Reduce: Müll vermeiden
  • Ersetzen der Magazine im Wartezimmer durch digitale Lesezirkel-Angebote
  • Bestellen größere Mengen, um Verpackungs- und Transportaufwand zu minimieren
  • Verzicht auf eine Kaffeemaschine mit Kapseln

Reuse: Wiederverwendbare Alternativen finden
  • Sterilisieren von Edelstahl statt Einweg-Instrumente
  • Handtuchrollen, waschbare Handtücher oder Händetrockner statt Papiertücher
  • Wasserkaraffe und Gläser statt Wasserspender und Plastikbecher im Wartezimmer

Recycle: Rohstoffe zurück in den Kreislauf bringen
  • Hygienepapiere aus recycelten und recycelbaren Materialien
  • auf Recyclebarkeit aller Materialien achten (z. B. Papierauflagen statt beschichtete Servietten)

Ein Blick auf den CO2-Fußabdruck einer durchschnittlichen Hausarztpraxis zeigt das Einsparungspotenzial. Demnach schlagen die verschriebenen Medikamente und Einkäufe mit rund 80 % zu Buche. Etwa 10 % nimmt die Mobilität von Patienten und Mitarbeitern ein. Für Strom und Heizung werden etwa 7 % veranschlagt. Aber auch der tägliche Müllberg ist umweltschädlich. Einweg-Edelstahl, Papierauflagen, Mundspülbecher, der Kapselautomat im Pausenraum und vieles mehr: Die Ursachen sind vielfältig. Wie kann eine Arztpraxis nun im Sinne der Umwelt handeln? "Praxis ohne Plastik" unterstützt Ärzte bei genau dieser Frage. Wird der CO2-Fußabdruck individuell berechnet, können passgenaue Maßnahmen entwickelt werden. Wie so oft setzt sich der Weg aus vielen kleinen Schritten zusammen, die gemeinsam Großes bewirken. Erfahren Sie hier, mit welchen Schritten Nachhaltigkeit in Praxen etabliert werden kann.

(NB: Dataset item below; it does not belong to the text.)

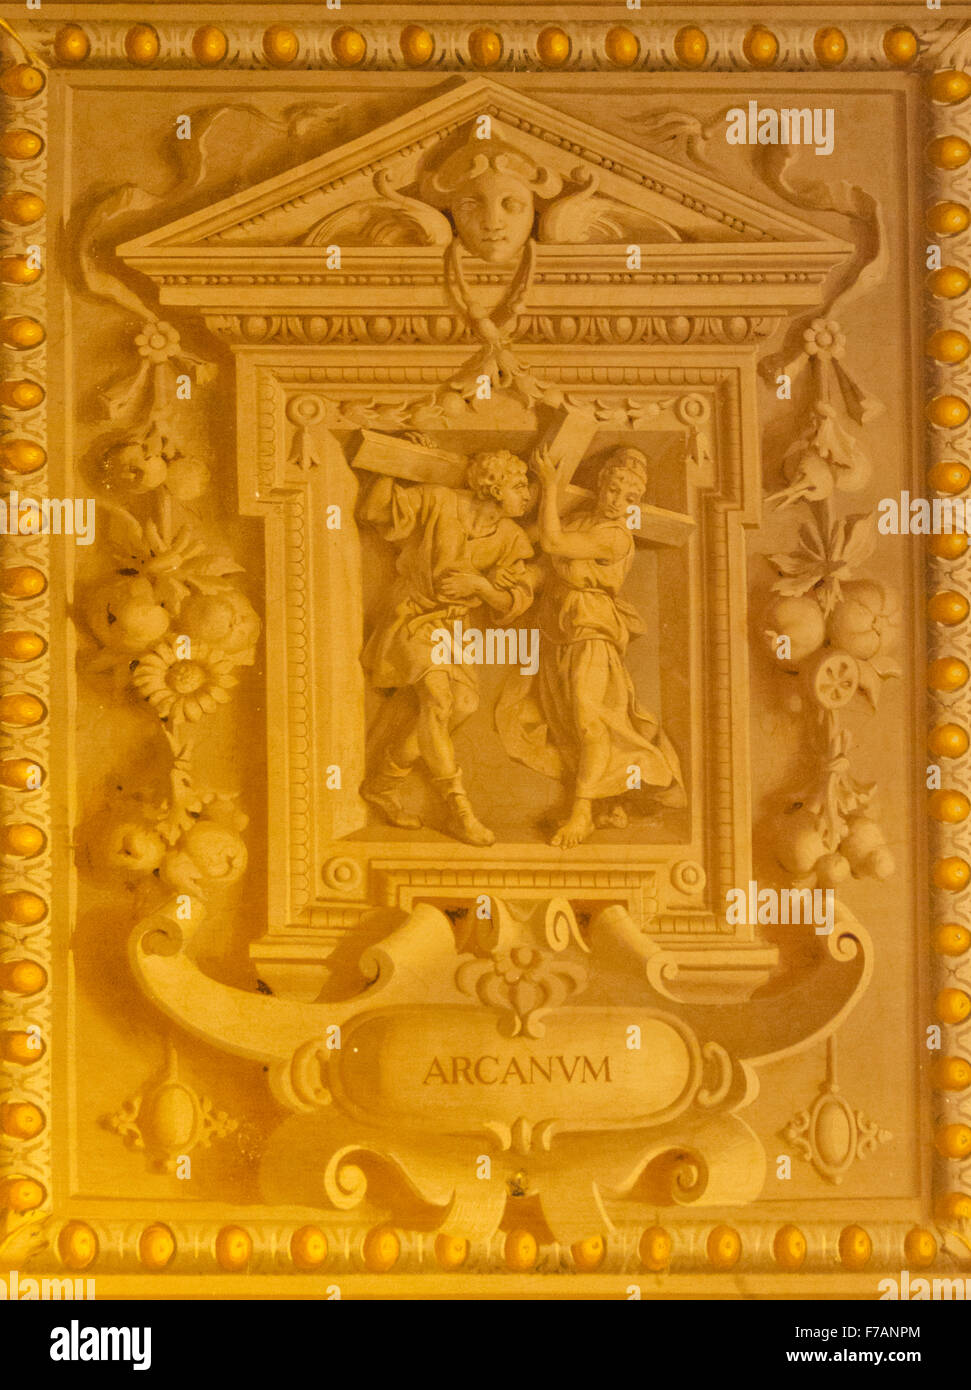 Ici, c'est une peinture sur le plafond dans les Musées du Vatican qui ressemble à du plâtre en 3 dimensions, mais est en fait une peinture. Banque D'Images

Energieeffizienz statt Stromfresser

Eins ist klar: Der Stromverbrauch jeder Arztpraxis ist hoch. Dennoch gibt es auch hier einige Stellschrauben, die den CO2-Fußabdruck verkleinern. Die größte ist der Wechsel zu Ökostrom, der aus umweltfreundlichen und erneuerbaren Energiequellen gewonnen wird. Energiesparlampen, richtiges Lüften und Heizen, Bewegungsmelder für wenig genutzte Räume, ausschaltbare Steckerleisten und ähnliche Maßnahmen führen außerdem zu einer Senkung des Stromverbrauchs. Das Herunterfahren von Geräten statt Stand-by-Modus spart bis zu 6 % an Energie. Sie sehen: Alle Tipps, die sich im Haushalt bewähren, lassen sich auch in Arztpraxen anwenden.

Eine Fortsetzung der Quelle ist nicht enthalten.